I think the answer to your problem, Benjamin, lies in what you’ve written above. There you’ve also stripped back to the story to its essential elements: ‘boy meets girl, boy loses girl, boy gets girl.’ I get that this is a gross over-simplification of the story, but even in your slightly more detailed description there’s no mention of what happens to the hero in those eight years.
It looks to me like those eight years are not so important to the story. Very little happens because he is not with the girl, and the story is about him and the girl.
To look at this from a story structure point of view, and more specifically from the hero’s journey monomyth structure, it looks like act two only begins after those eight years when he goes to find the girl, that’s when he’s pushed across the ‘threshold’ on his adventure – and he should have a good reason for why he goes now and not after only six years or six months or why not immediately? What pushes him now?

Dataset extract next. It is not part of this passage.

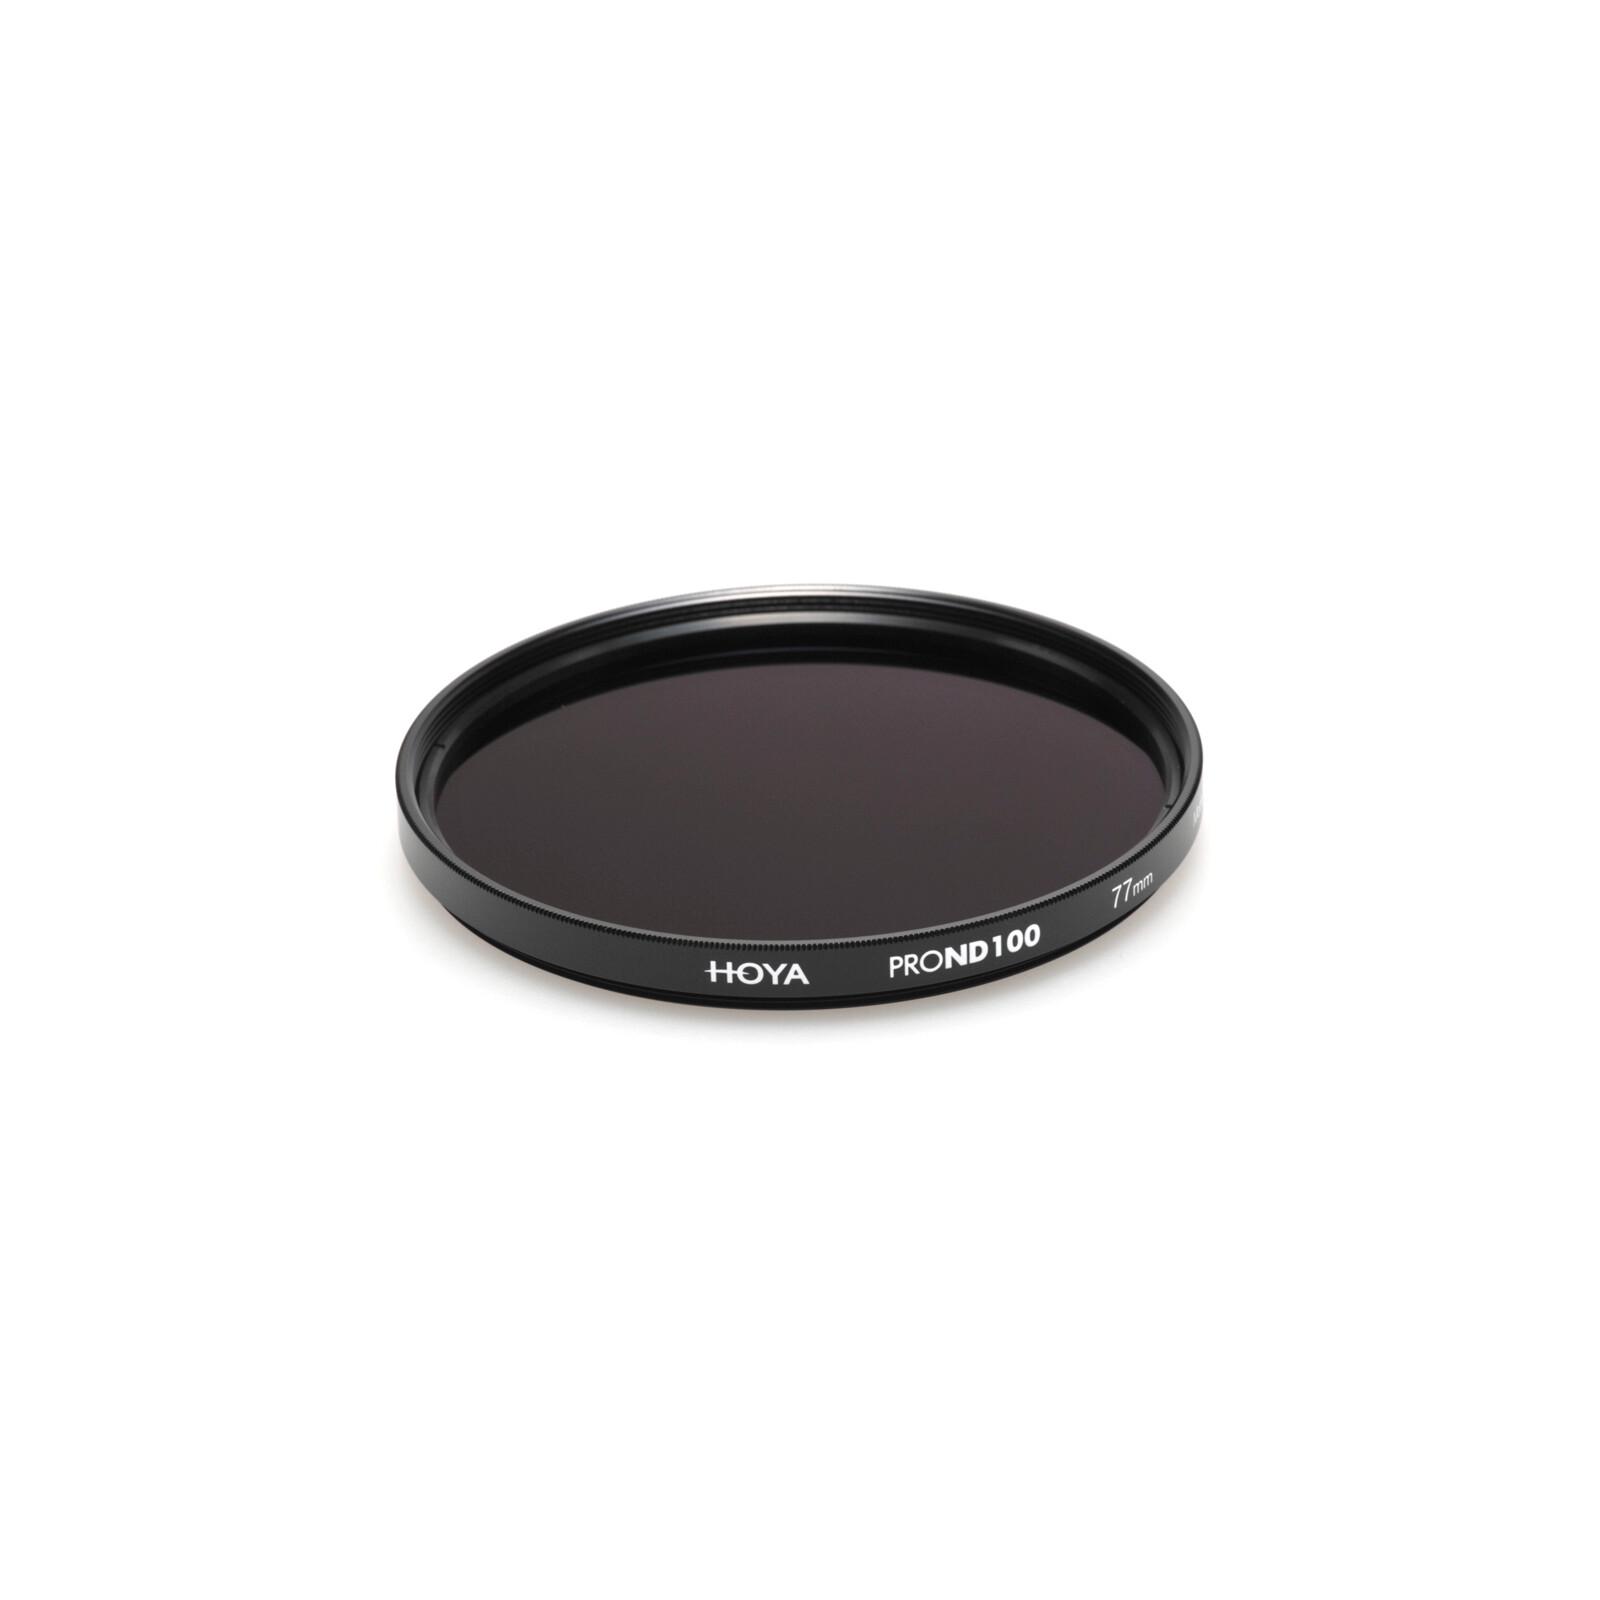 Hoya Grau PRO ND 1000 77mm

Act two then is the middle of the story as he looks for the girl. The mid-point, it seems to me, is when he finds her. But now he has a new motivation, another drive to take him to the end of the story: he must defeat the quasi-immortal. This takes him to act three where he faces his enemy and makes the ultimate sacrifice.
In monomyth terms then, and it sounds like this story would suit that structure perfectly, those eight years would be covered briefly in act one, after he has met the girl and lost her and more specifically in the ‘refusal of the call’ where the hero debates why he should or should not go on his adventure and his allies either urge him on or hold him back. That could amount to little more than a page or two. A chapter maybe. Or simply a page with ‘Eight years later.’
I think it’s important for you, as the author, to know what happens in those years, but the readers won’t need much more as it doesn’t sound like it directly affects the real heart of the story too much.
I hope that helps, Benjamin.
Good luck with it.
Jim
Thanks, Jim, for what is a timely article for me. I’m doing a major revision of my WIP and became aware, thanks to being critiqued at Austin Novel in Progress, that my first 25 pages don’t get into the story I want to tell. I’ve since realized that I fell in love with back story–the more scenes I wrote, the more I wanted to write. (Can you tell that I’m a pantser?) I’m going to let my story rest for about a month and come back to it with new eyes. I’m confident I can write my way out of this mess.